## Prompt:
Pictures are to be skipped. Retype exactly the lines from the top of the material through the one with "Received: Hopworks Urban", and only those.

## Collected material:

- Opening Delimiter -

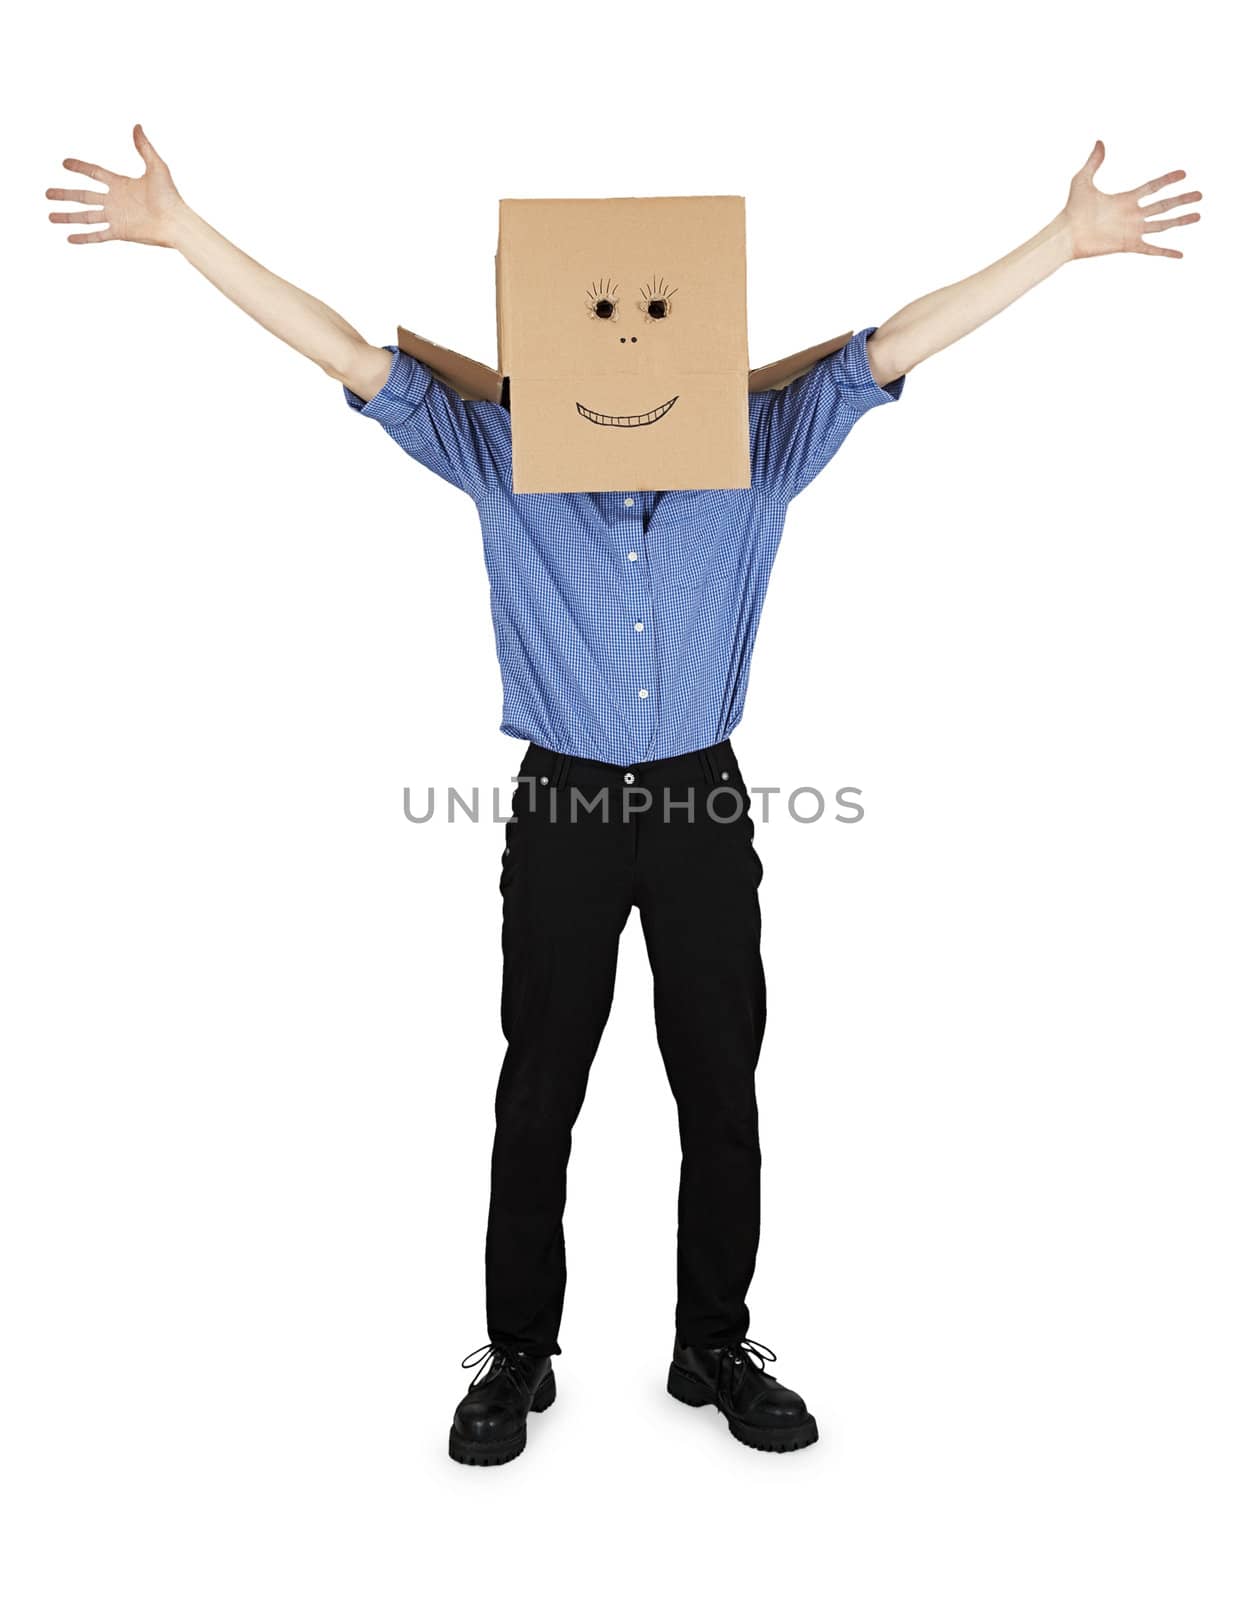 Funny man with box on head rejoices by pzaxe
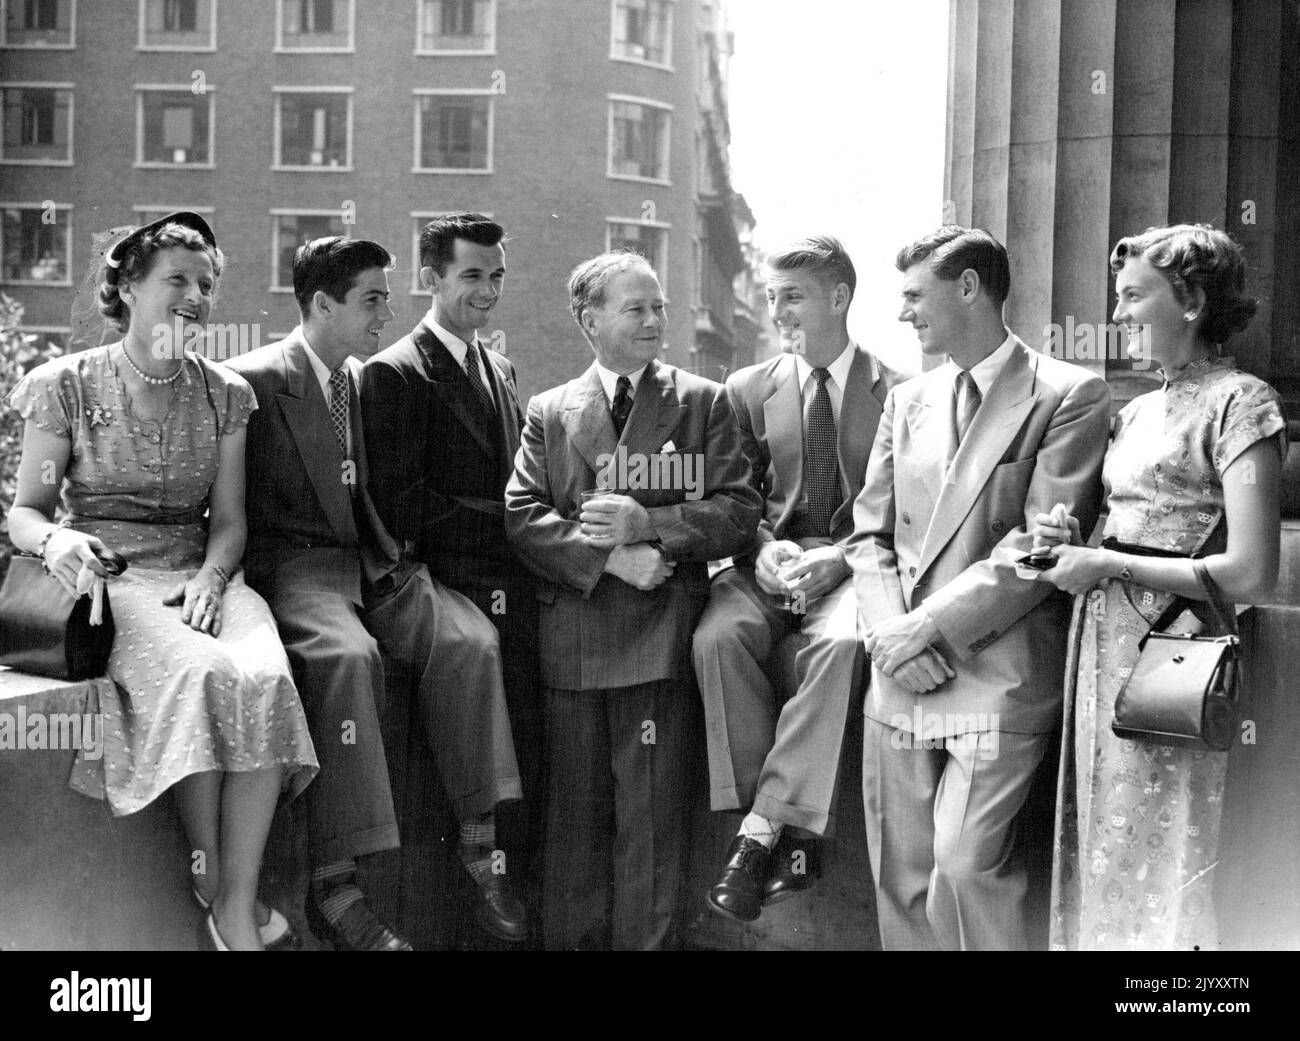 Balcony Scene - Mrs. Harry Hopman (wife of the team captain): Ken Rosewall: Mervyn Rose: Sir Thomas White: Lewis Hoad: Frank Sedgman: Beryl Penrose. In the Heatwave - London's eighty-old temperature sends members of the Australian tennis team (now successfully competing at Wimbledon) on to the balcony of Australia House, Strand, during a reception given by Australian High Commissioner Sir Thomas White to-day (Tuesday). July 01, 1952. (Photo by Reuter Photo). Stock Photo
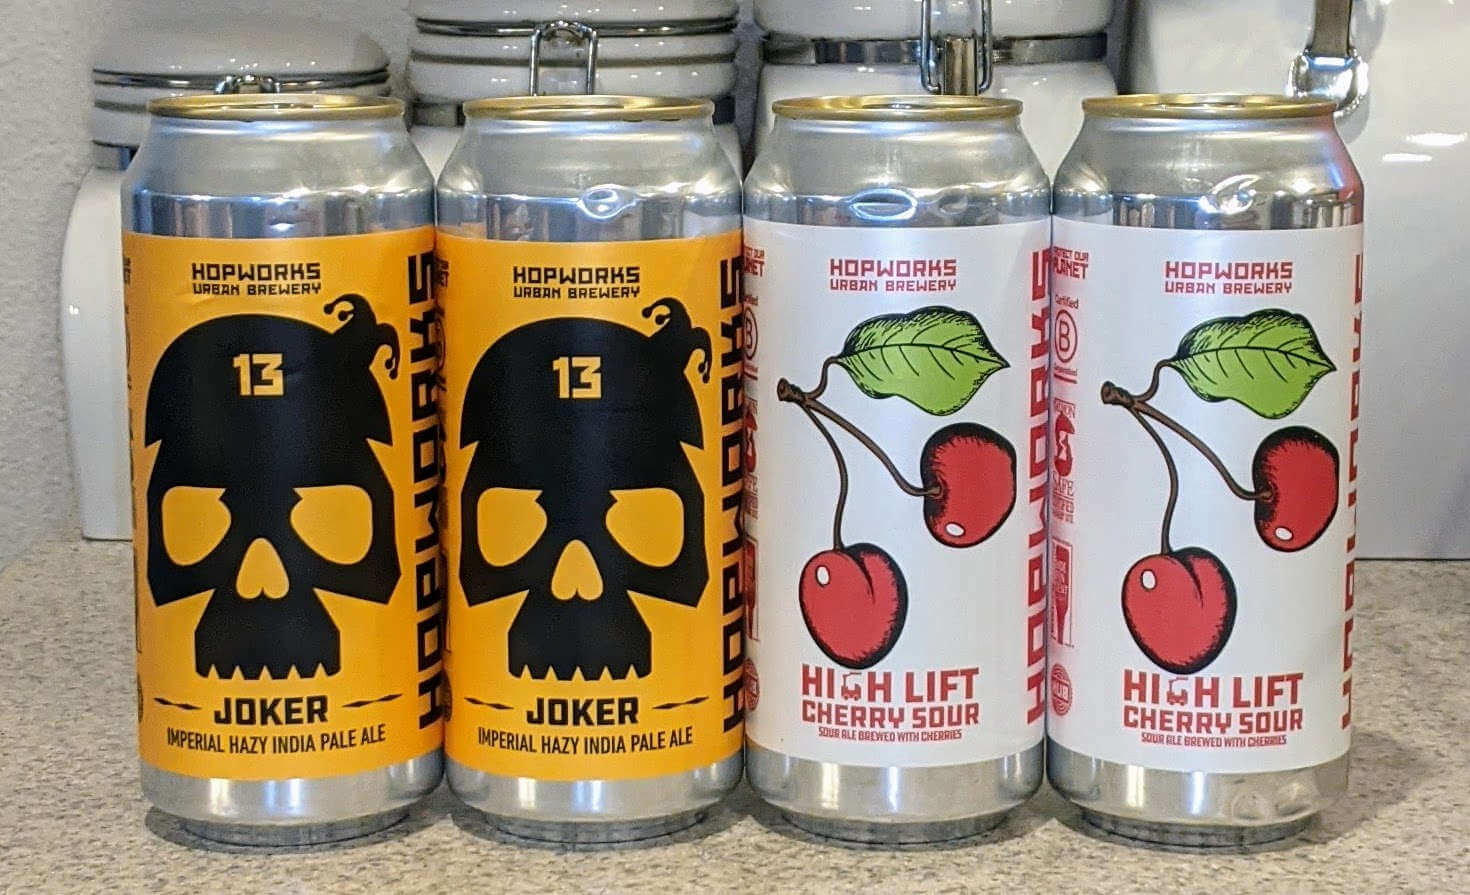 Received: Hopworks Urban Brewery Joker Imperial Hazy IPA, High Lift Cherry Sour
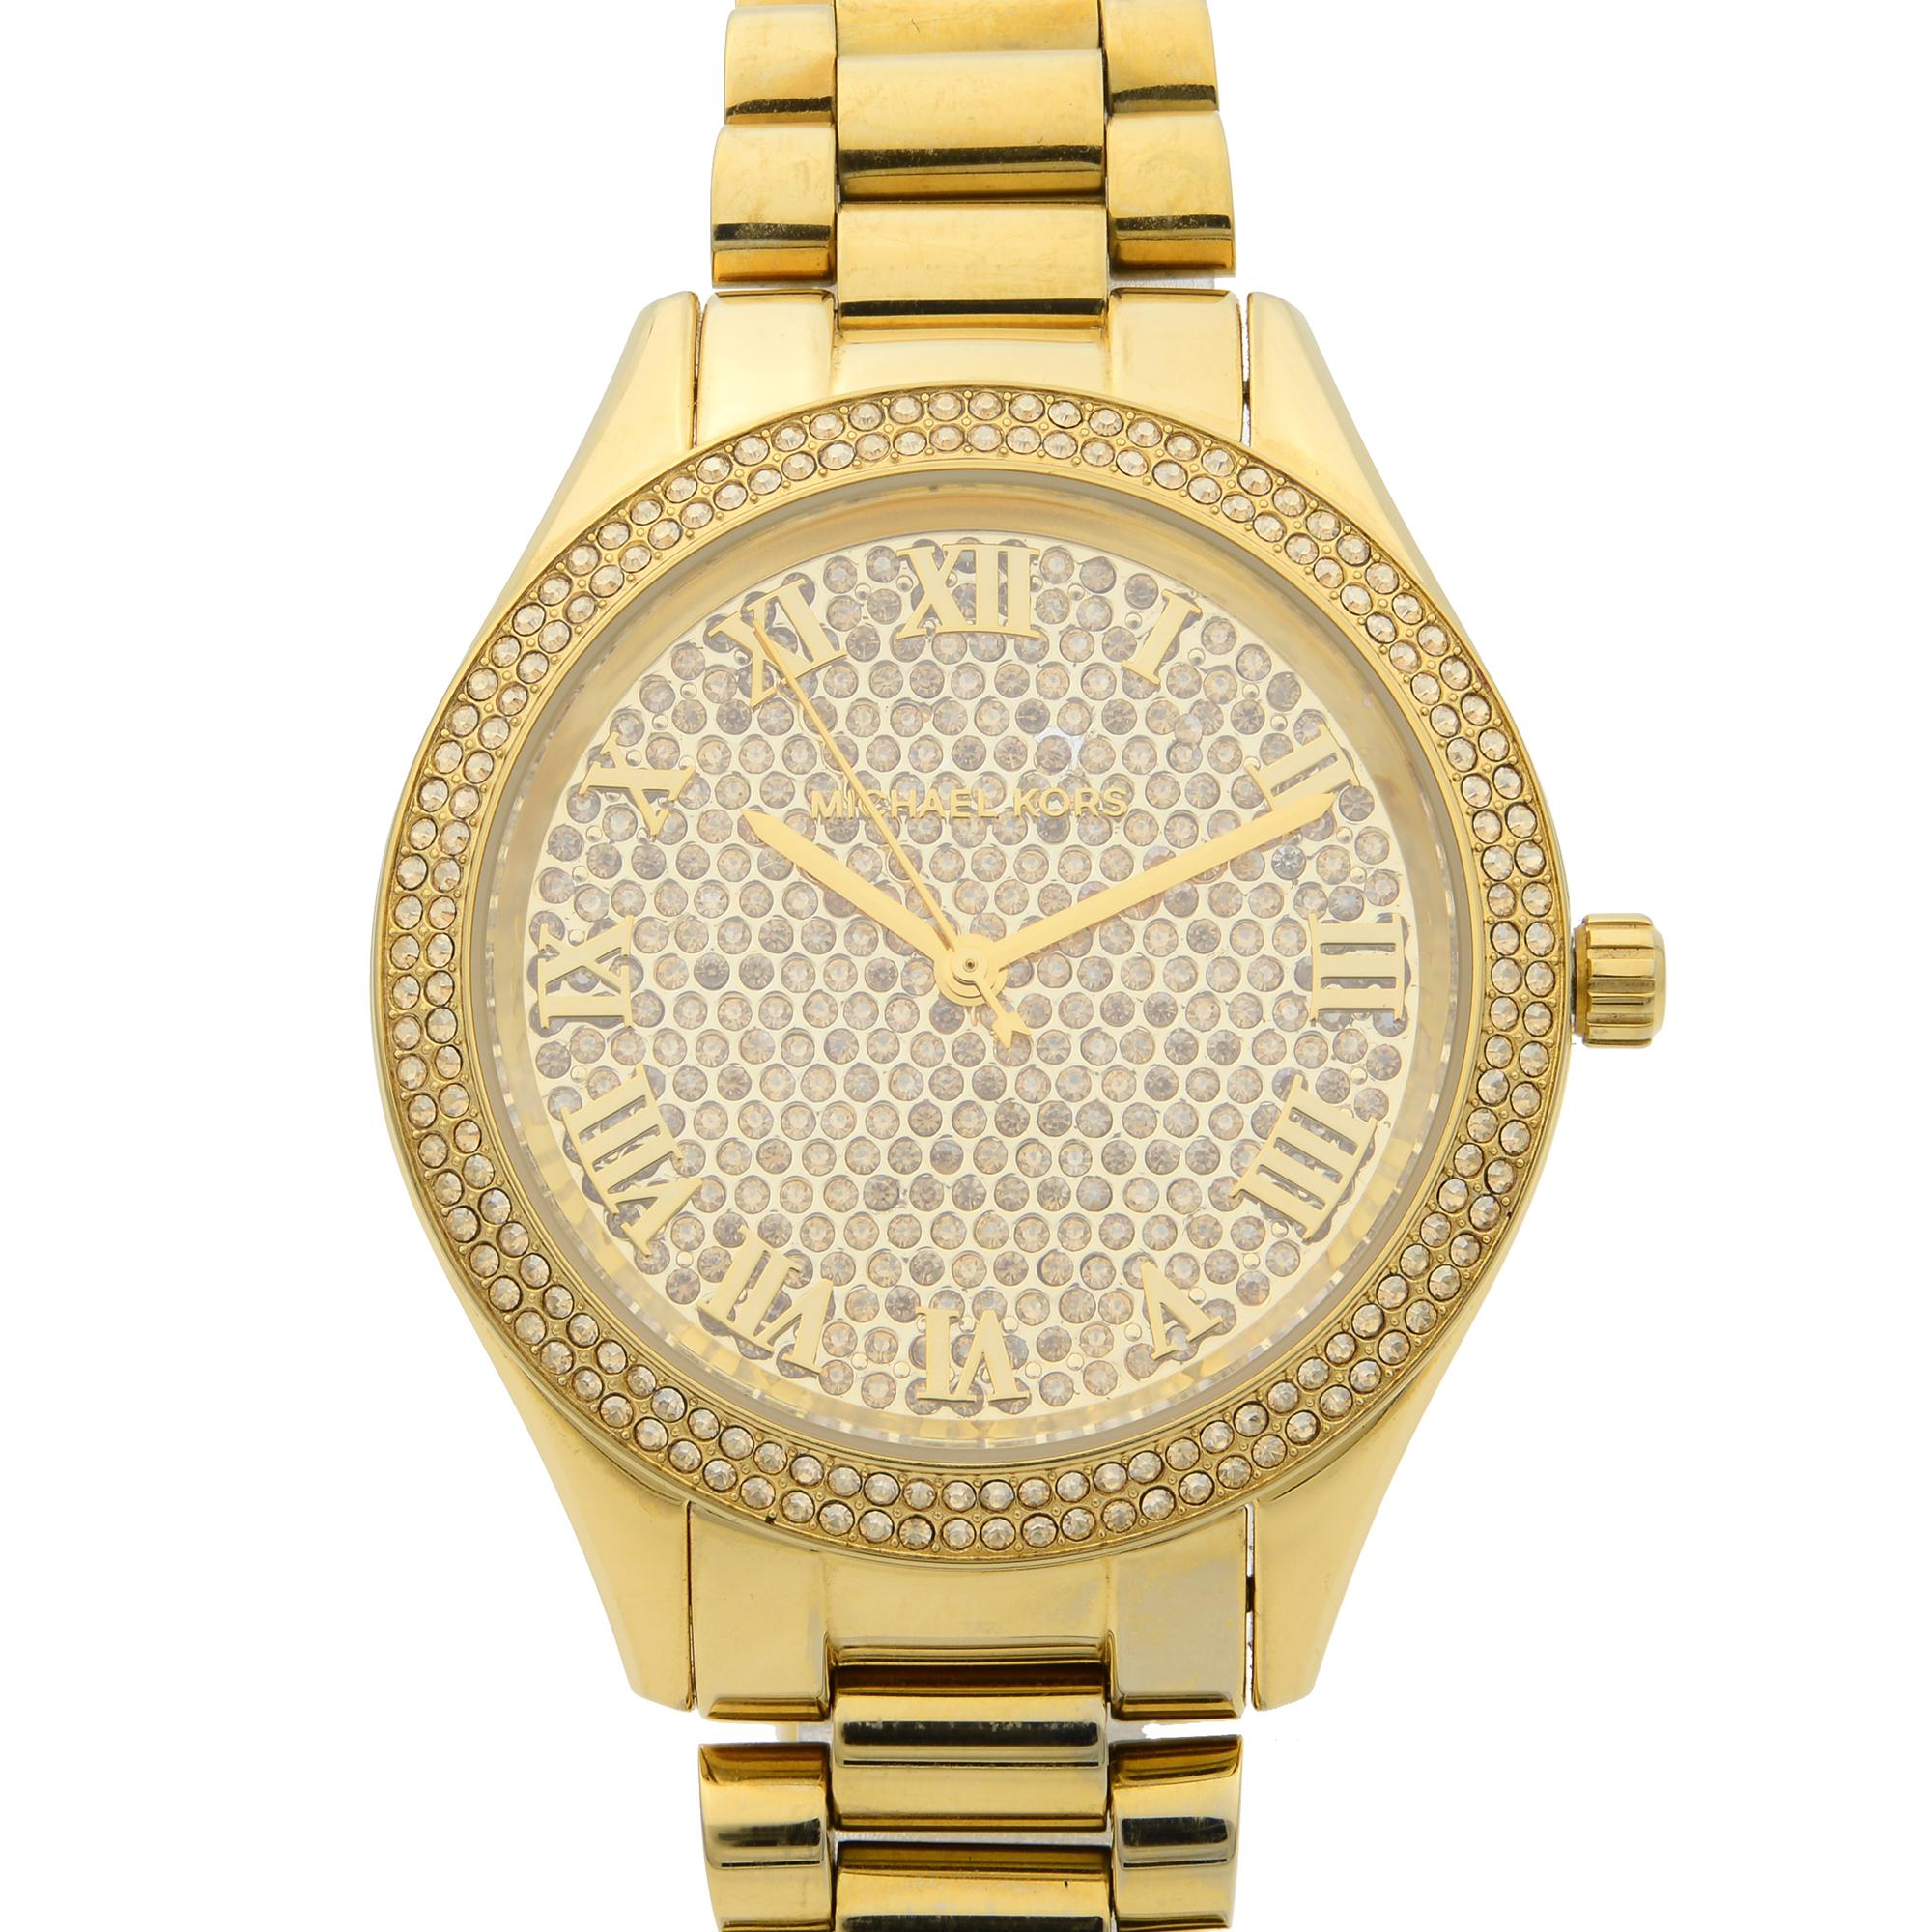 This pre-owned Michael Kors MK3319 Watch is a beautiful women's timepiece that is powered by quartz (battery) movement which is cased in a stainless steel case. It has a round shape face and has hand sticks style markers. It is completed with a

- Closing Delimiter -

## Task response:
 Funny man with box on head rejoices by pzaxe
 Balcony Scene - Mrs. Harry Hopman (wife of the team captain): Ken Rosewall: Mervyn Rose: Sir Thomas White: Lewis Hoad: Frank Sedgman: Beryl Penrose. In the Heatwave - London's eighty-old temperature sends members of the Australian tennis team (now successfully competing at Wimbledon) on to the balcony of Australia House, Strand, during a reception given by Australian High Commissioner Sir Thomas White to-day (Tuesday). July 01, 1952. (Photo by Reuter Photo). Stock Photo
 Received: Hopworks Urban Brewery Joker Imperial Hazy IPA, High Lift Cherry Sour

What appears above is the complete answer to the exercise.